На том наша доверительная беседа и закончилась, и я так никогда и не рассказала ему, как мы все были возмущены войной, задолбаны школьными порядками, как мы напились дешевого вина из надтреснутой бутыли, в которой болталась какая-то прокисшая фруктина. И было так естественно, что потом мы отправились в захламленную комнатенку Скипа в одном из общежитий Гарварда, где он нежно уложил меня на свою измятую койку. Было бы неправдой, если бы я сказала, что не понимала, к чему идет у нас дело. Но, с другой стороны, было бы такой же неправдой сказать, что я понимала, что «засунуть самую малость» – уже вполне достаточное дело. Два месяца спустя я отправилась в Пуэрто-Рико, а Скип закончил Гарвард.
Через год я едва узнала его, когда он подхватил меня под руку на углу Блумингдейл. И едва помнила о том, что это его ребенка я убила тем дождливым утром в Пуэрто-Рико.
Эрик вышел из ванной, где только что принимал душ, и вокруг бедер у него было обернуто банное полотенце. Он сел. Его плечи и грудь покрывали черные курчавые волосы, влажная оливковая кожа лоснилась, а лицо было сплошь усеяно ярко-красными прыщами. Рассматривая моего мужа, я пришла к вполне объективному заключению, что если бы у него имелся подбородок, а нос был немного покороче, то он, возможно, был бы не так уж и плох. Да еще эта буйная волосяная растительность… Он, плотоядно потирая руки, немедленно приступил к завтраку. Я сидела, поджав под себя ноги, в шелковой ночной рубашке розового цвета. Всякий раз, когда я что-нибудь брала с подноса, моя левая грудь слегка приоткрывалась.
– Полегче с пирожными, не то тебя разнесет, – предупредил Эрик. – Ты не можешь побыстрее? – прибавил он немного погодя. – Я хочу успеть в Дахау, пока есть солнце…
Я недоверчиво посмотрела на него, еще раз попытавшись понять, почему Дахау значит для меня гораздо больше, чем для моего еврейского муженька. Если бы только Эрик мог осознать, что к осмотру Дахау невозможно относиться иначе как к всеисторическому позору человечества – так и только так, – то, пожалуй, я была бы век ему верна.
– Я собираюсь принять ванну, – сказала я потягиваясь.

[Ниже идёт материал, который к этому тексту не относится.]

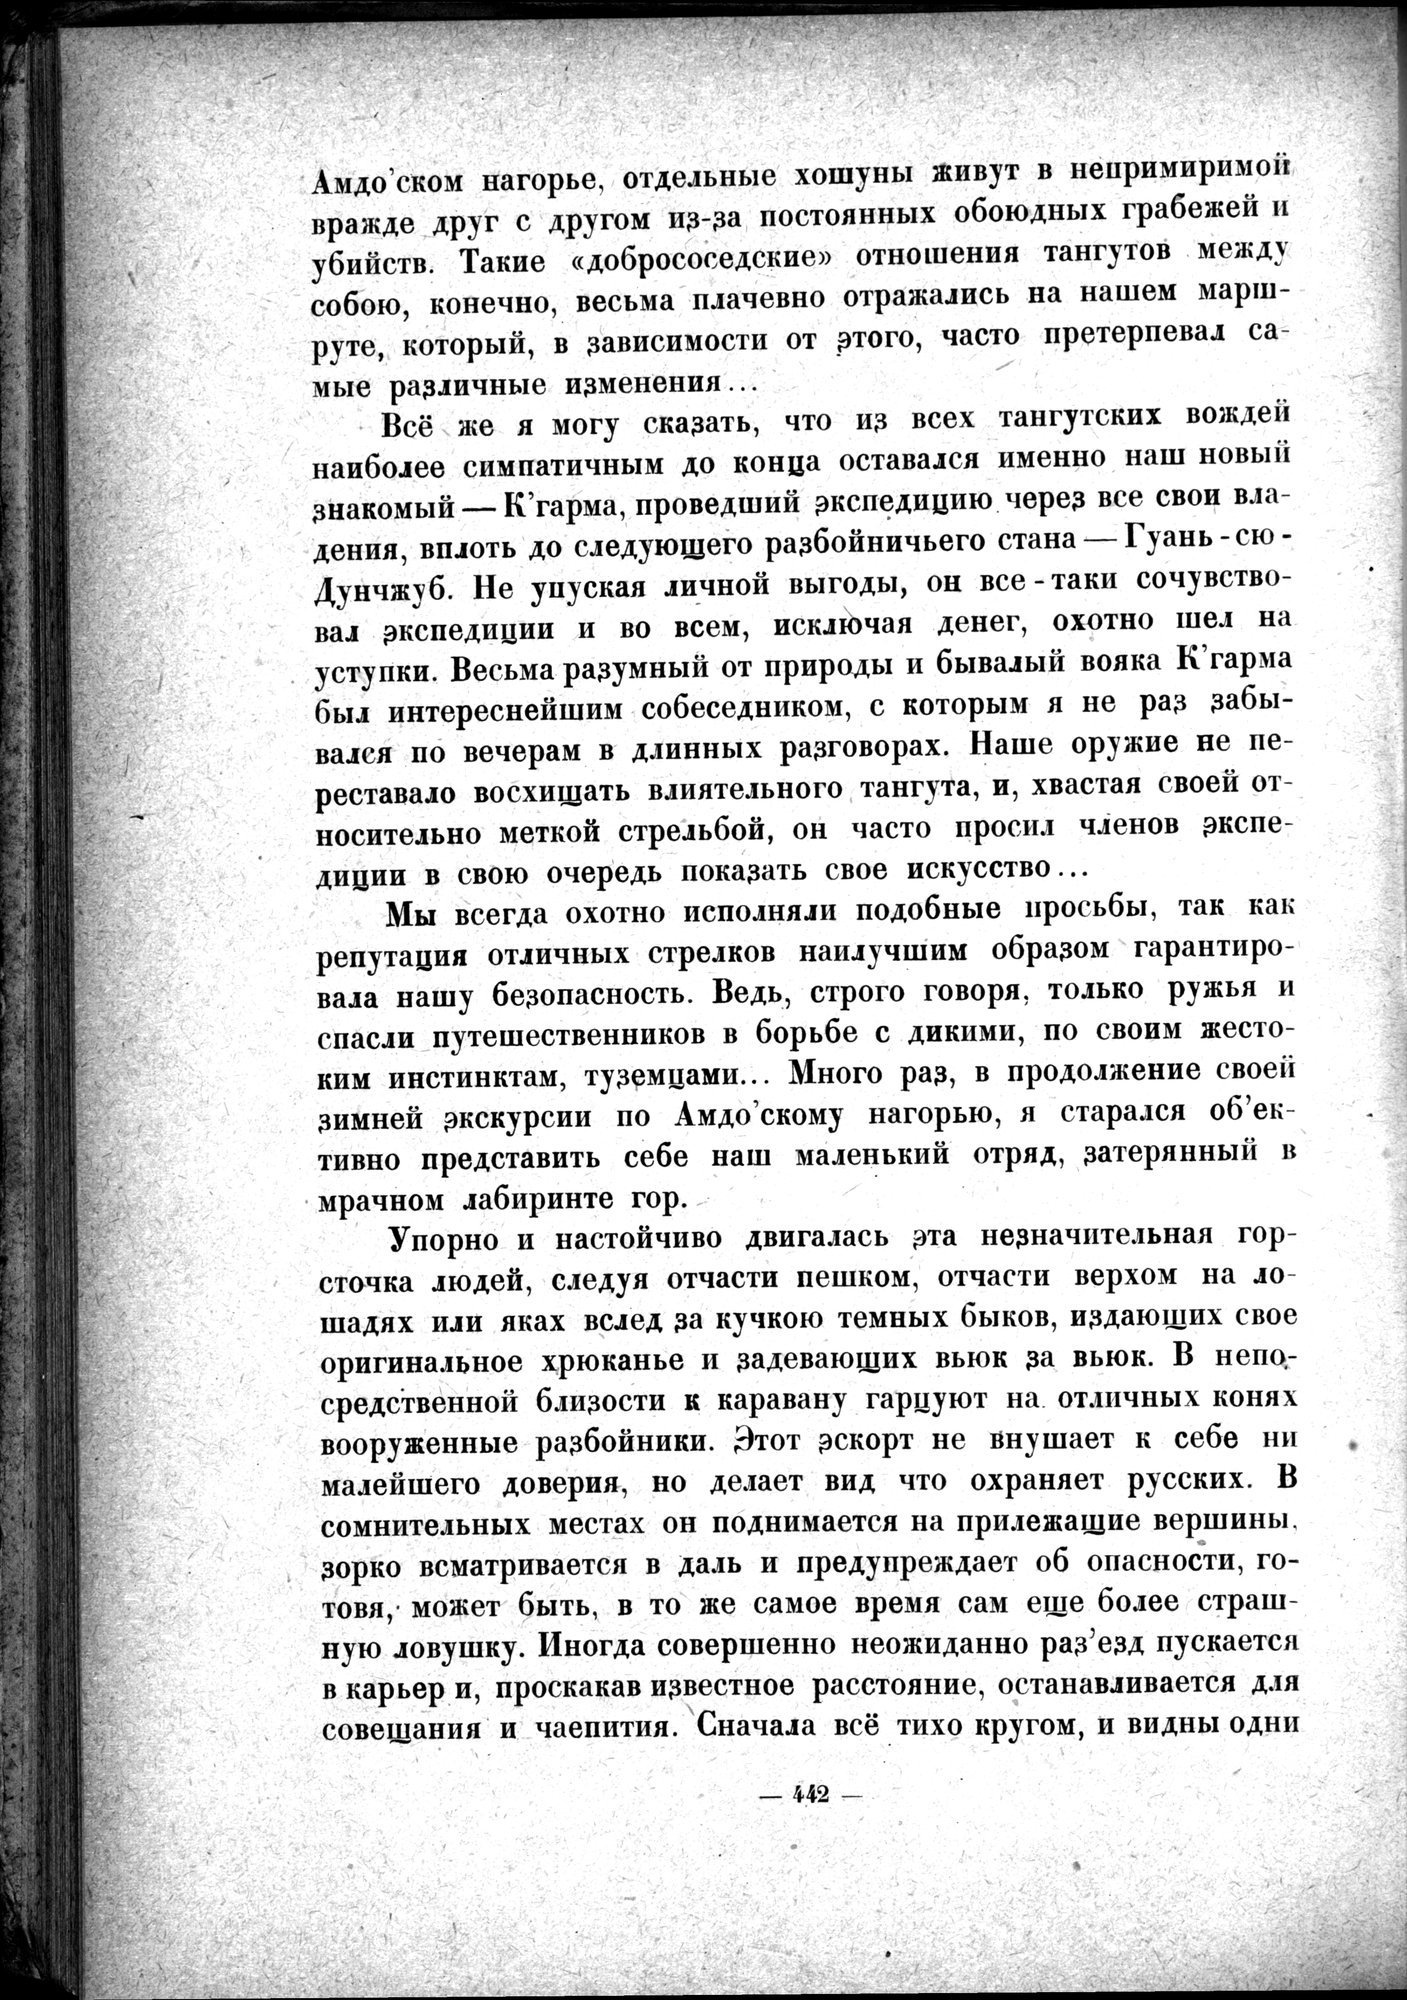 Mongoliya i Amdo i mertby gorod Khara-Khoto : vol.1 / Page 504 (Grayscale High Resolution Image)

Эрик уставился на меня долгим взглядом, который мог означать только одно – мне опять придется смотреть в потолок взглядом страждущей камбалы. Я поспешила запахнуть грудь, чтобы не дать ему лишнего повода, однако его не так-то просто было провести. Он ухватил меня за запястье, потянул к себе и завалил на постель. Пробормотав что-то нечленораздельное, он принялся гладить мои груди и ловить один из сосков губами, попутно инструктируя меня, чтобы я взялась рукой за его набухающий отросточек. Я не сопротивлялась по той простой причине, что сопротивление отняло бы у меня гораздо больше сил, чем если бы я без лишних слов покорилась домогательствам Эрика. Я ощутила его штуку – как он учил меня называть это самое – горячо пульсирующую в моем захвате.
– Отпусти, – приказал он, – не то я слишком быстро кончу!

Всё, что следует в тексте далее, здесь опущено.